学校のこと、将来のこと、恋愛のこと……ただでさえ悩みが多い学生の毎日。その上、コロナ禍で“できないこと”が増え、心に広がるのは行き場のないモヤモヤばかり。そんな気持ちを忘れさせてくれるのは、スポーツや音楽・芸術・勉強など、自分の好きなことに熱中する時間だったりする。

186センチの長身を生かした踊りが魅力のイステッキくん【撮影:南しずか】
186センチの長身を生かした踊りが魅力のイステッキくん【撮影:南しずか】

連載「#青春のアザーカット」カメラマン・南しずかが写真で切り取る学生たちの日常

 学校のこと、将来のこと、恋愛のこと……ただでさえ悩みが多い学生の毎日。その上、コロナ禍で“できないこと”が増え、心に広がるのは行き場のないモヤモヤばかり。そんな気持ちを忘れさせてくれるのは、スポーツや音楽・芸術・勉強など、自分の好きなことに熱中する時間だったりする。

 そんな学生たちの姿を、スポーツ・芸術など幅広い分野の第一線で活躍するプロカメラマン・南しずかが切り取る連載「#青春(アオハル)のアザーカット」。コロナ禍で試合や大会がなくなっても、一番大切なのは練習を積み重ねた、いつもと変わらない毎日。その何気ない日常の1頁(ページ)をフィルムに焼き付けます。(取材・文=THE ANSWER編集部・佐藤 直子)

14頁目 スタジオアーキタンツ イステッキ海来(みらい)くん

コロナ禍中はストレッチや筋力トレーニングでコンディションを保った【撮影:南しずか】
コロナ禍中はストレッチや筋力トレーニングでコンディションを保った【撮影:南しずか】

 2020年、突如として世界中を混乱に陥れた新型コロナウイルス。瞬く間に感染拡大し、非常事態宣言発令中には外出することもままならず。当たり前だと思っていた日常が、実は貴重な時間であることに、多くの人が気付かされることになった。

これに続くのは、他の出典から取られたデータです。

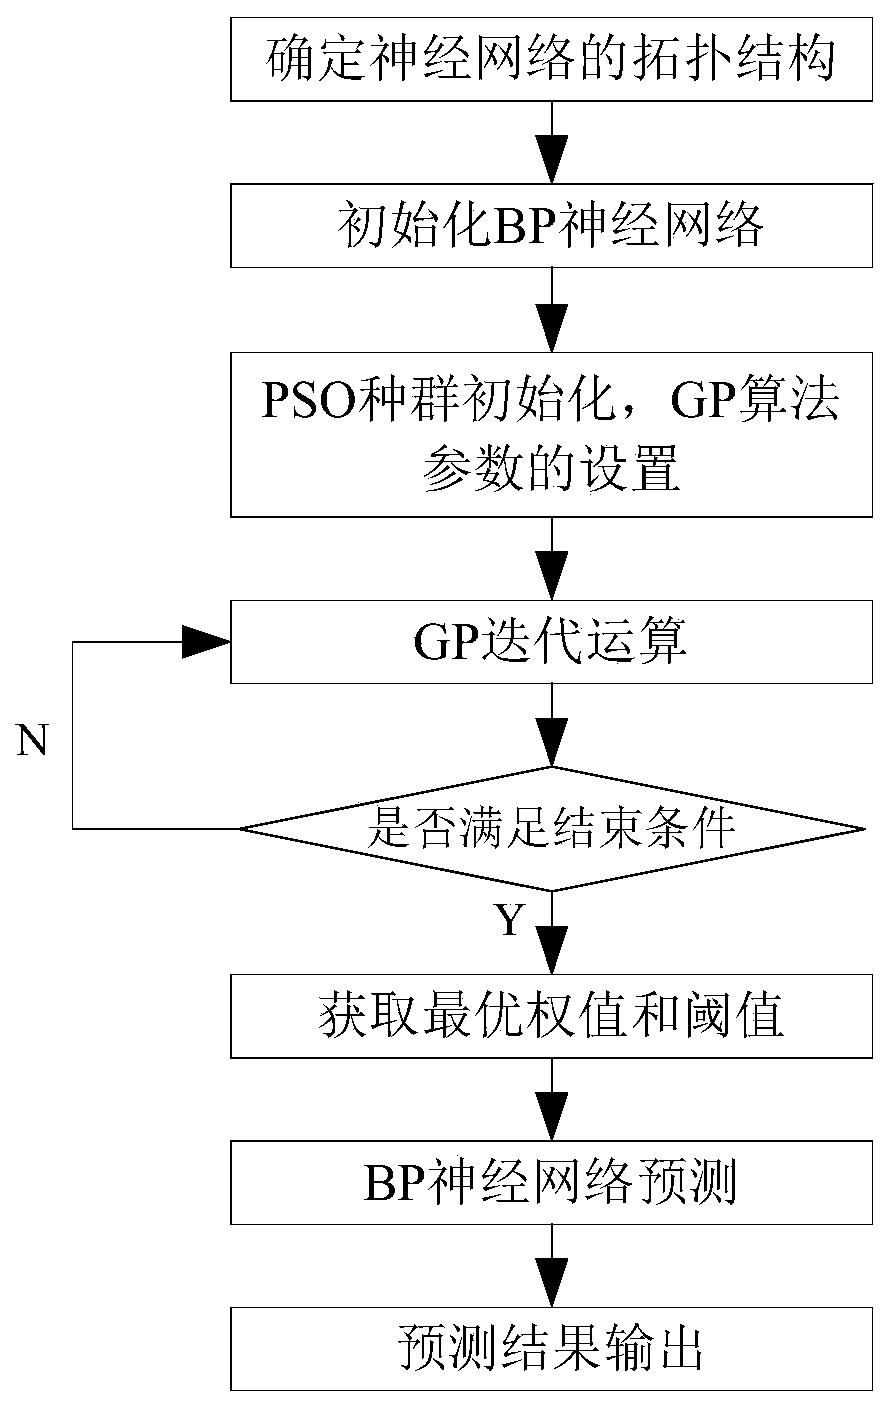 Probability integral parameter prediction method for optimizing BP neural network based on MIV-GP algorithm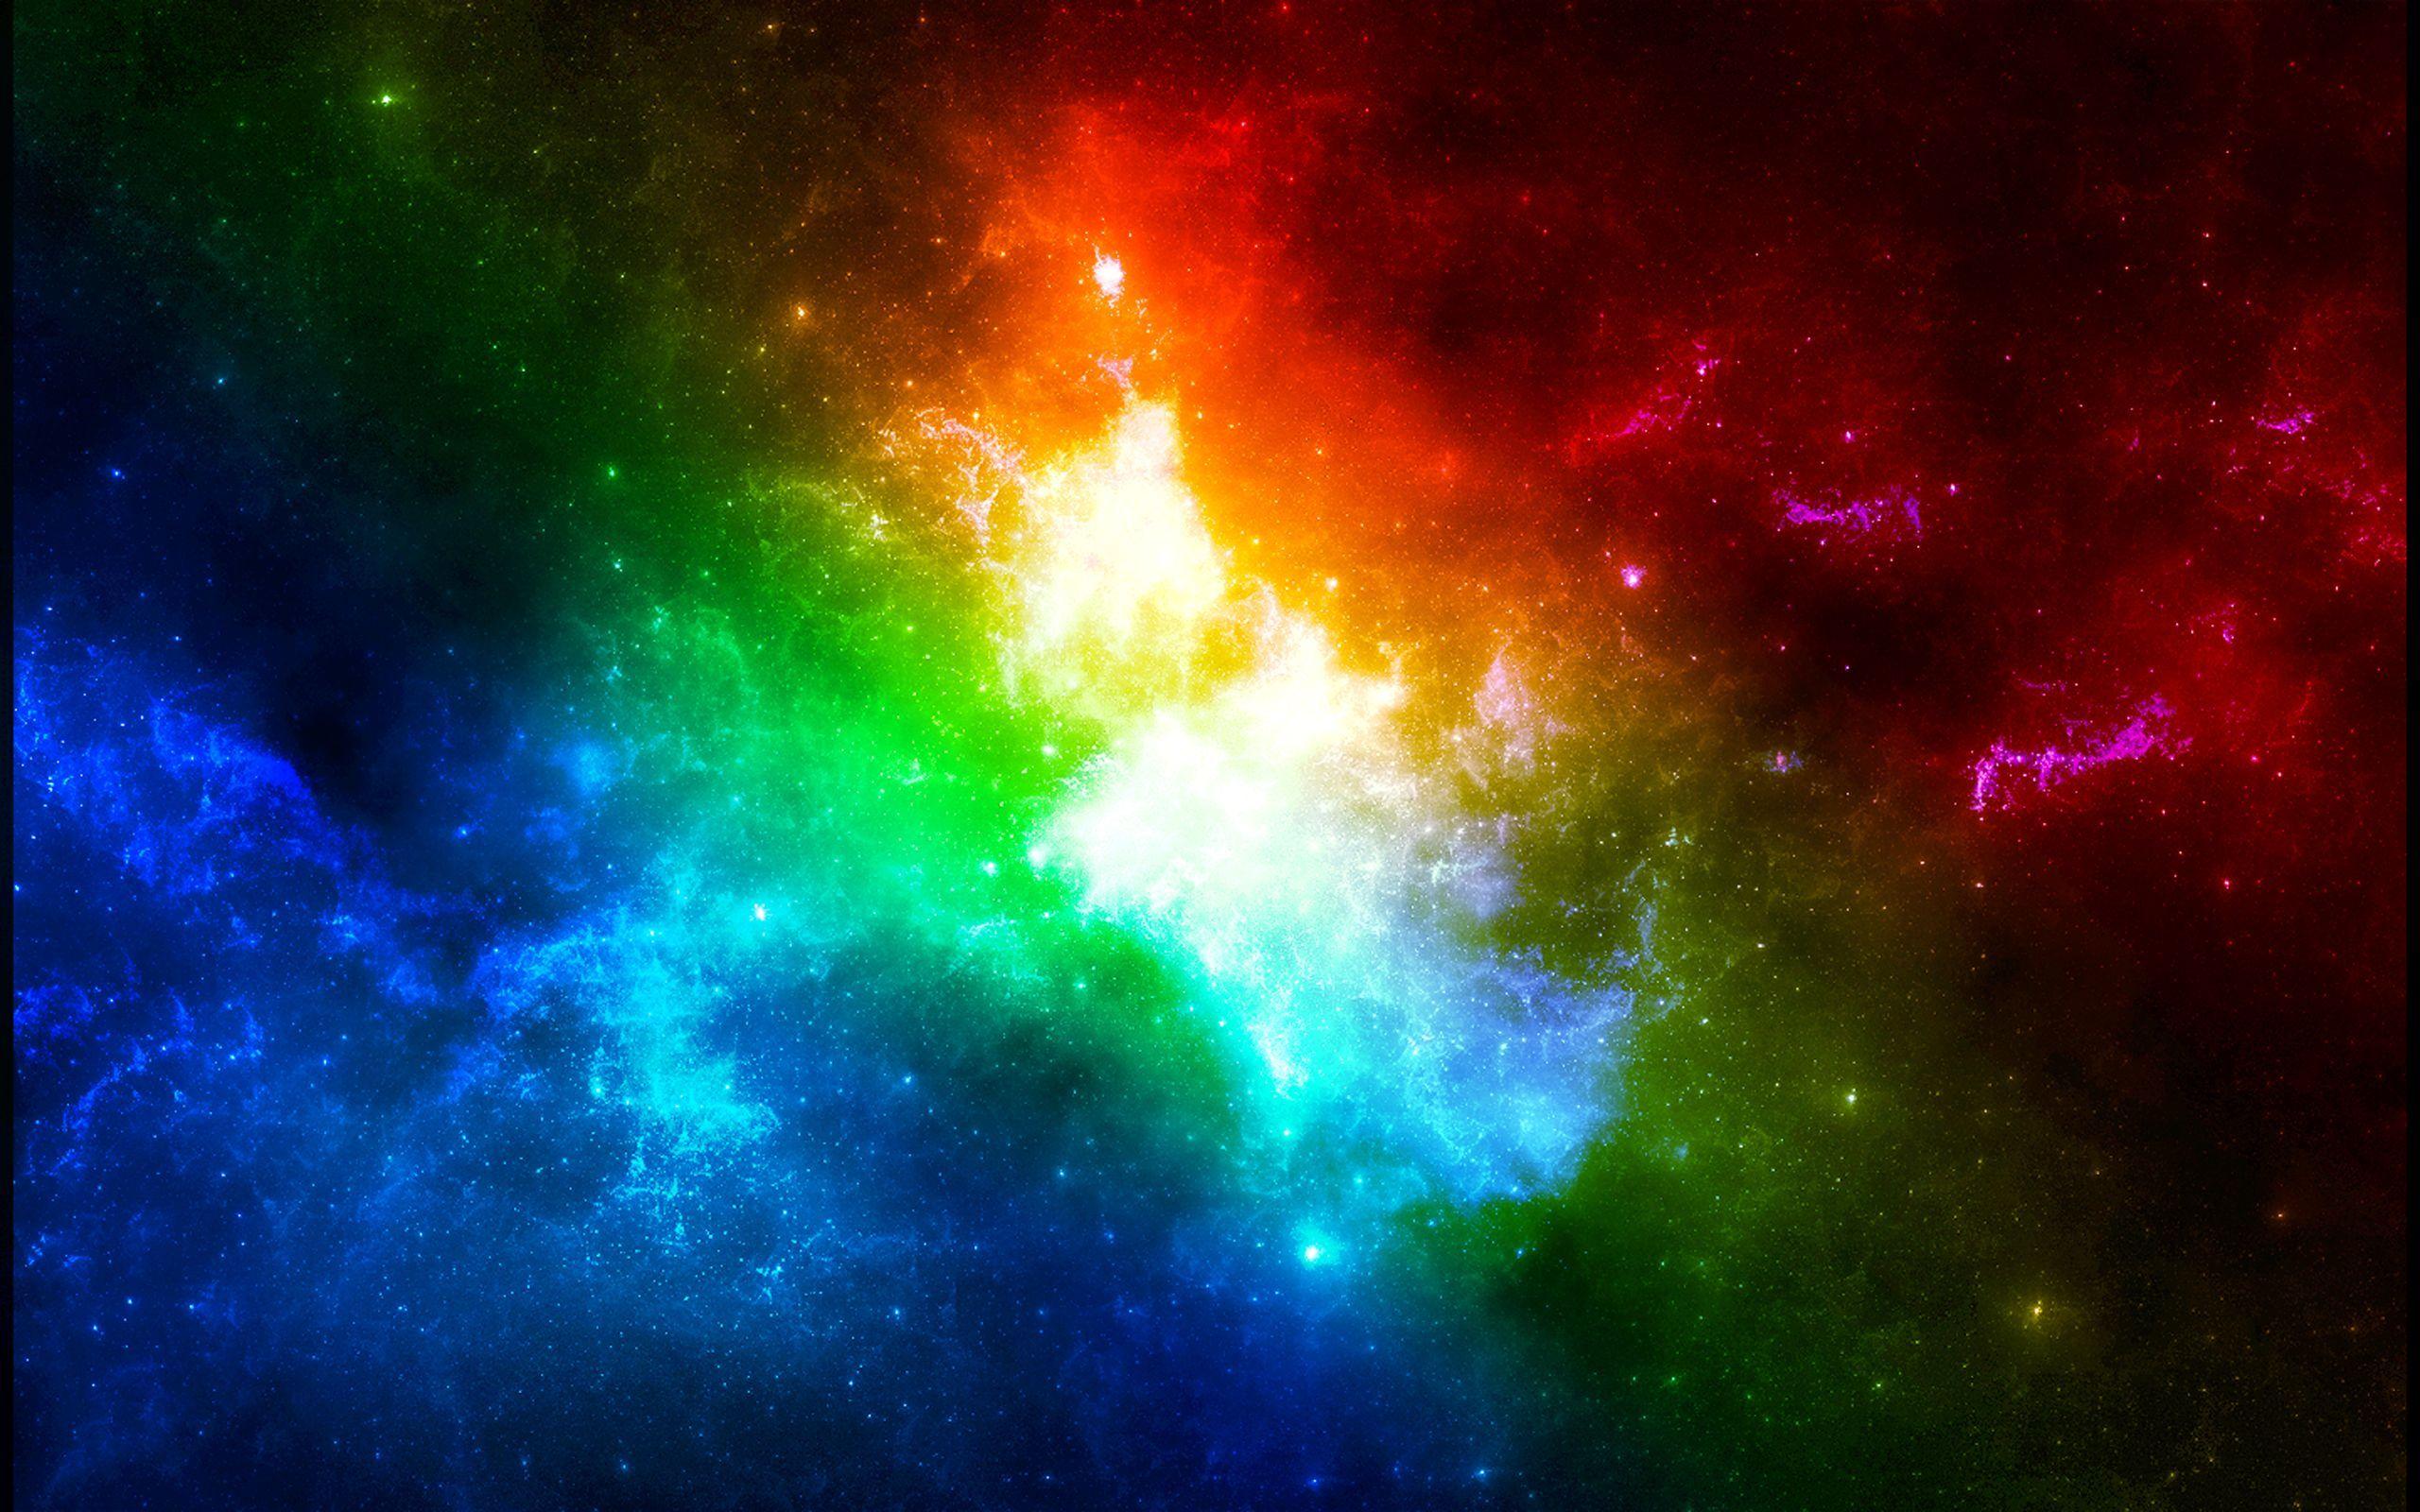 Colorful Galaxy Wallpaper Full HD. Tools. Galaxy wallpaper, HD

 学校には行けず、友達にも会えない時間に、これまでの自分、今の自分、そして未来の自分に思いを馳せた人もいただろう。現在、東京・田町にあるスタジオアーキタンツ(STUDIO ARCHITANZ)に通いながら、プロのバレエダンサーを目指すイステッキくんもまた、その一人だった。

 東京・自由学園高等科に入学し、もうすぐ1年が経とうとしていた3月1日。授業は登校から自宅学習に切り替わり、仲間との楽しい時間が詰まった寮も閉まってしまった。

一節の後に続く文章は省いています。